エクソシスト 信じる者の社会のダストダスのレビュー・感想・評価

エクソシスト 信じる者(2023年製作の映画)
3.3
『エクソシスト』(1973)は観たことあるけど、知らなくても多分問題ないと思います。

今年は悪魔憑き系のホラー映画が『ヴァチカンのエクソシスト』と『死霊館のシスター 呪いの秘密』が公開され、それぞれが成功と呼べる成績を残したなか、評判があまり芳しくなかったこの『エクソシスト』の続編には不安を感じたものの、元祖の底力を見せて欲しいところだった。

可もなく不可もなく…というのが正直な感想だけど、酷評されるほどのものでもないかな。悪魔に憑りつかれるまでが少々長いけど、体感時間では同じくらいの尺のヴァチクソやシスターよりも短く感じた。同じ悪魔に二人同時憑依されるというのは面白い、子役二人の迫真の乗っ取られ演技もオリジナル版に迫るものがある。

ただ、3部作を前提とした作品のようで、本作だけでは消化不良な部分が遺してあることも事実。73年版を必ずしも観る必要はないけど、少女二人が失踪してから悪魔に憑かれるまでの3日間にどこで何があったのかや、何故正式な悪魔祓いをしなかったのかなど独立した作品としては完結してない。

現代においても正式な悪魔祓いにはローマ教皇からの許可が必要だというのは面白い。

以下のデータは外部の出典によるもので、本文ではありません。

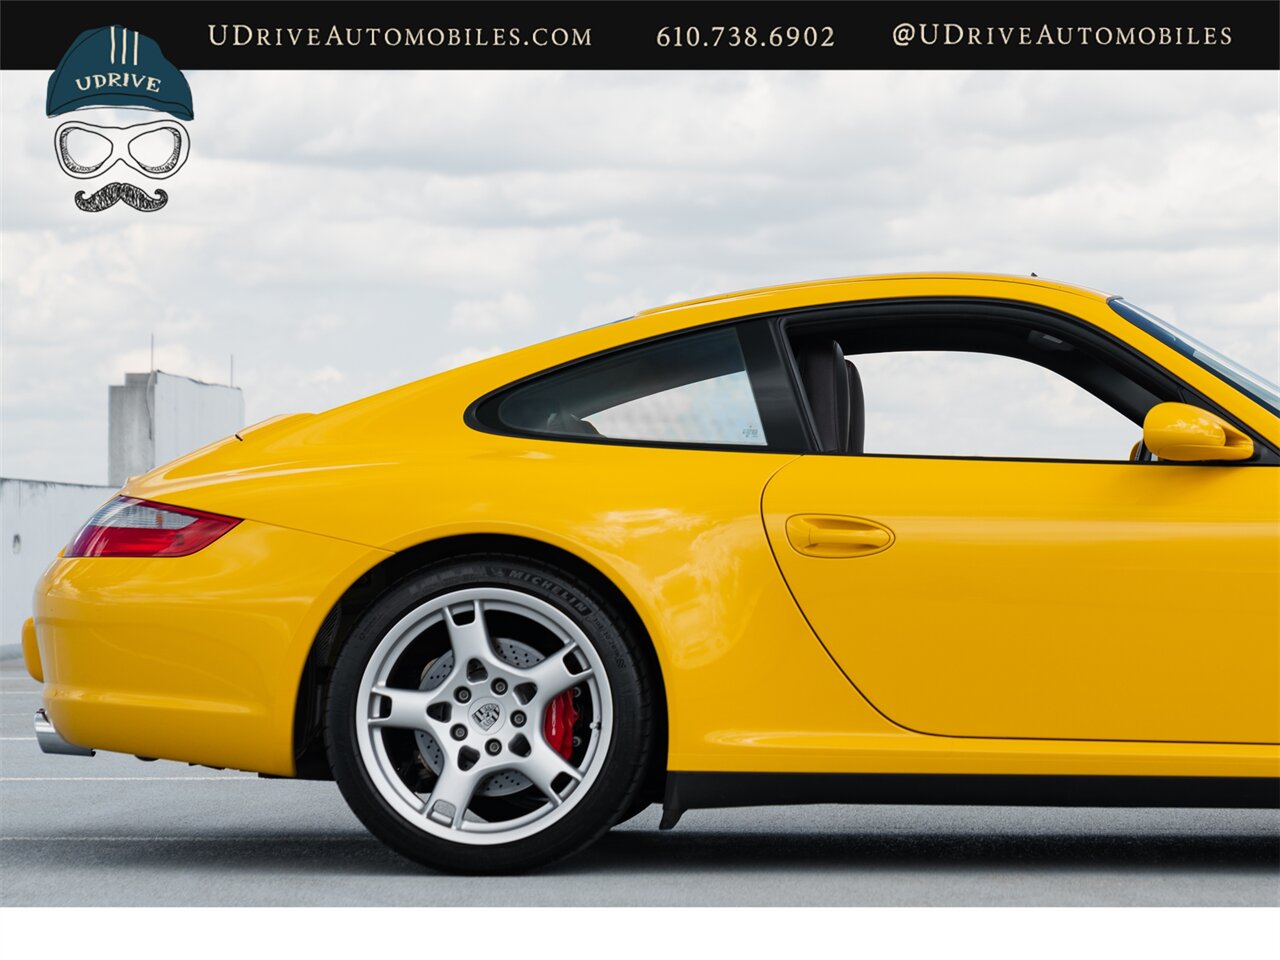 2006 Porsche 911 Carrera 4S  997 C4S 6 Speed Cocoa Full Lthr Chrono Sport Exhaust Special Color Combo - Photo 18 - West Chester, PA 19382

『死霊館』シリーズとかだと許可を待っている間に状態が悪化して決行するみたいなのがお約束だけど、今の時代なら 神父「悪魔祓いしていいー?」 教皇「いいよー」でLineでそのやり取りは1分で終わりそうである。

エクソシストといったらコレの首が180度後ろに曲がるやつが、応用パターンで出てきたときは怖さよりも嬉しさが勝った。舞台設定を現代にした悪魔祓いの作品もあまりないので、二人の心電図がシンクロしている描写なども斬新で面白かった。子供二人を交互に使って悪魔が喋るのも不気味で良い。

最後あれだけ警察集まって来ちゃってるけど、“悪魔のせいなら無罪”で通せるのだろうか。